Setup a dedicated Python virtual environment for slendr

Description

This function will automatically download a Python miniconda distribution dedicated to an R-Python interface. It will also create a slendr-specific Python environment with all the required Python dependencies.

Usage

setup_env(quiet = FALSE, agree = FALSE, pip = FALSE)

Arguments

quiet

Should informative messages be printed to the console? Default is FALSE.

agree

Automatically agree to all questions?

pip

Should pip be used instead of conda for installing slendr's Python dependencies?

Value

No return value, called for side effects


Shrink the population range

Description

Shrinks the spatial population range by a specified distance in a given time-window

Usage

shrink_range(
  pop,
  by,
  end,
  start,
  overlap = 0.8,
  snapshots = NULL,
  lock = FALSE,
  verbose = TRUE
)

Arguments

pop

Object of the class slendr_pop

by

How many units of distance to shrink by?

start, end

When does the boundary shrinking start/end?

overlap

Minimum overlap between subsequent spatial boundaries

snapshots

The number of intermediate snapshots (overrides the overlap parameter)

lock

Maintain the same density of individuals. If FALSE (the default), the number of individuals in the population will not change. If TRUE, the number of individuals simulated will be changed (increased or decreased) appropriately, to match the new population range area.

verbose

Report on the progress of generating intermediate spatial boundaries?

Details

Note that because slendr models have to accomodate both SLiM and msprime back ends, population sizes and split times are rounded to the nearest integer value.

Value

Object of the class slendr_pop, which contains population parameters such as name, time of appearance in the simulation, parent population (if any), and its spatial parameters such as map and spatial boundary.

Examples

# spatial definitions -----------------------------------------------------

# create a blank abstract world 1000x1000 distance units in size
map <- world(xrange = c(0, 1000), yrange = c(0, 1000), landscape = "blank")

# create a circular population with the center of a population boundary at
# [200, 800] and a radius of 100 distance units, 1000 individuals at time 1
# occupying a map just specified
pop1 <- population("pop1", N = 1000, time = 1,
                   map = map, center = c(200, 800), radius = 100)

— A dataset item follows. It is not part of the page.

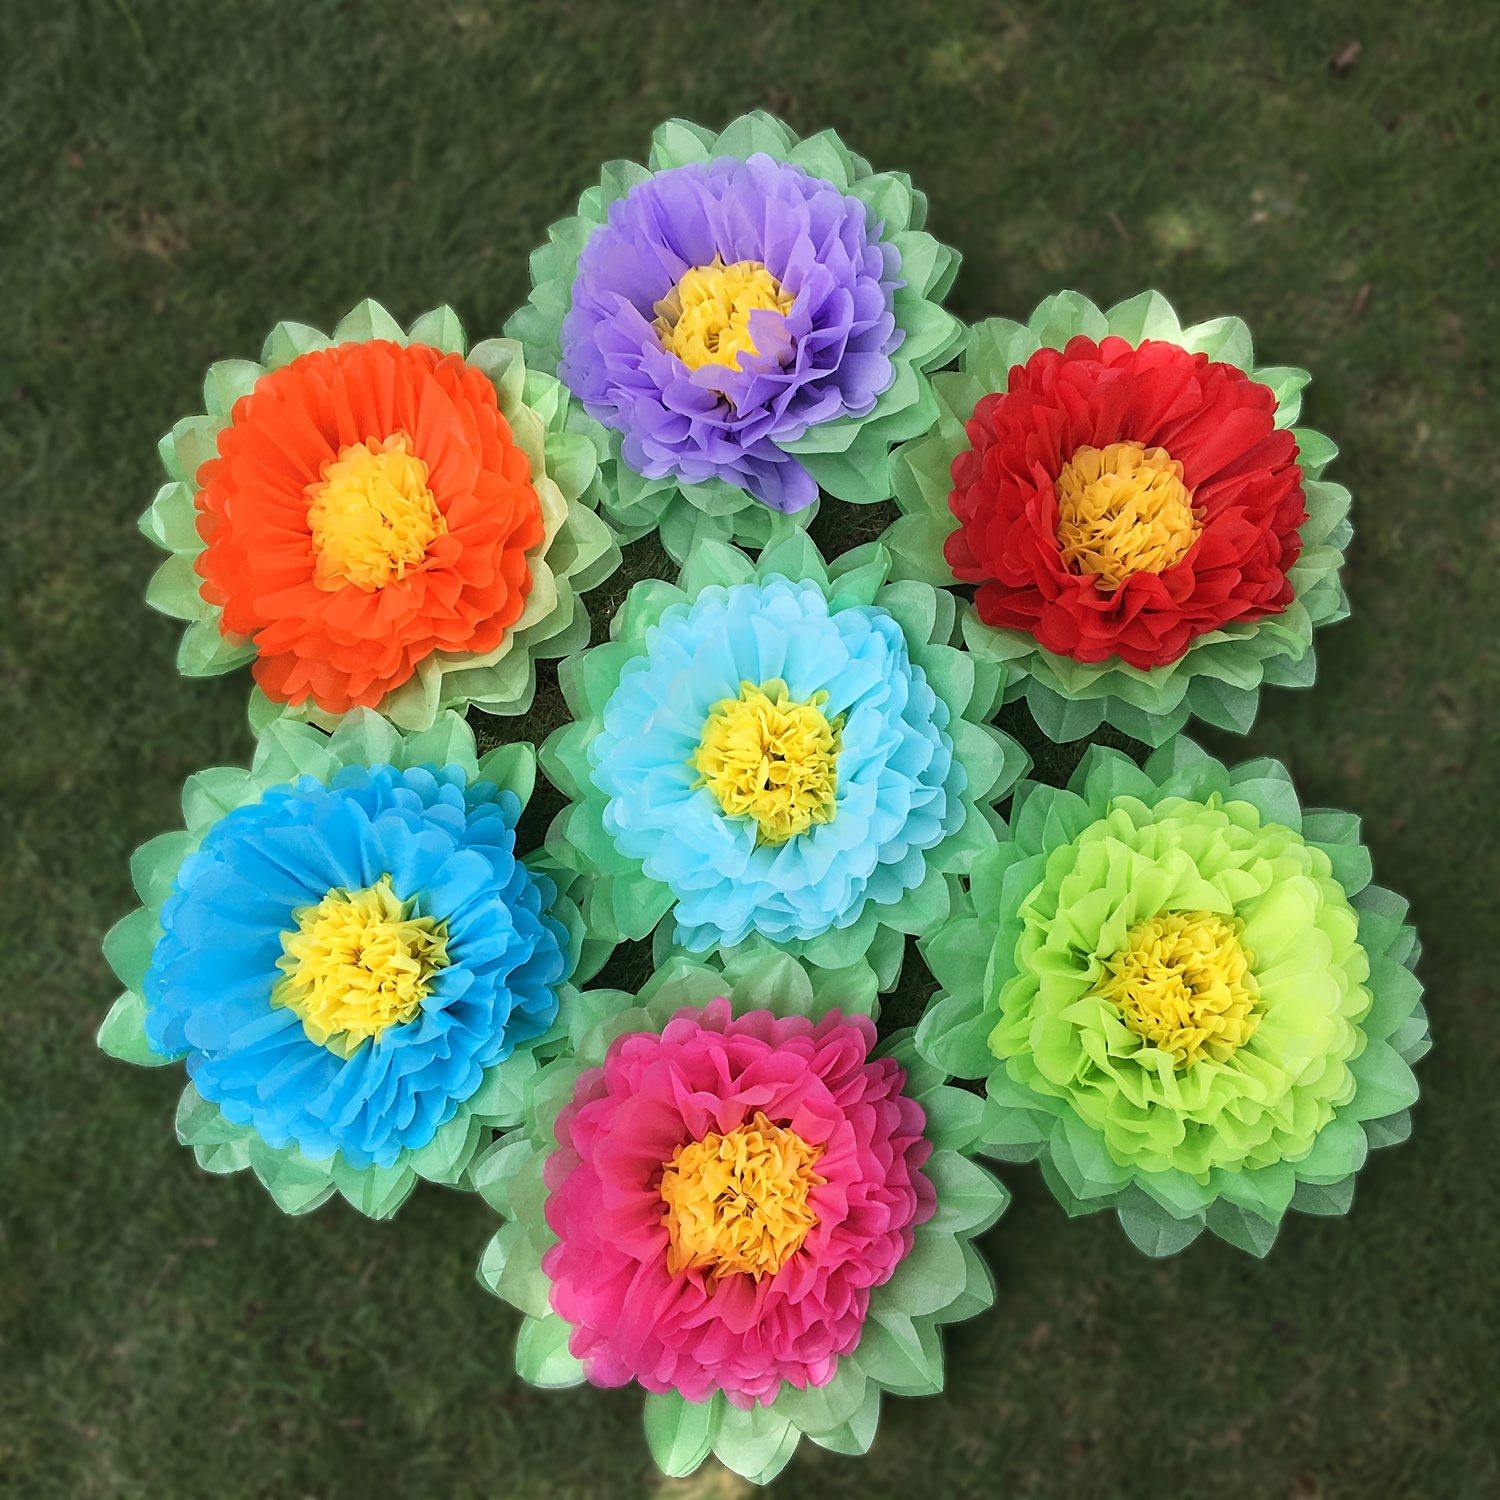 Mexican Tissue Pom Poms Flowers Paper Wedding Flower Photo Wall Fiesta  Decorations Set of 20

# printing a population object to a console shows a brief summary
pop1

# create another population occupying a polygon range, splitting from pop1
# at a given time point (note that specifying a map is not necessary because
# it is "inherited" from the parent)
pop2 <- population("pop2", N = 100, time = 50, parent = pop1,
                        polygon = list(c(100, 100), c(320, 30), c(500, 200),
                                  c(500, 400), c(300, 450), c(100, 400)))

pop3 <- population("pop3", N = 200, time = 80, parent = pop2,
                   center = c(800, 800), radius = 200)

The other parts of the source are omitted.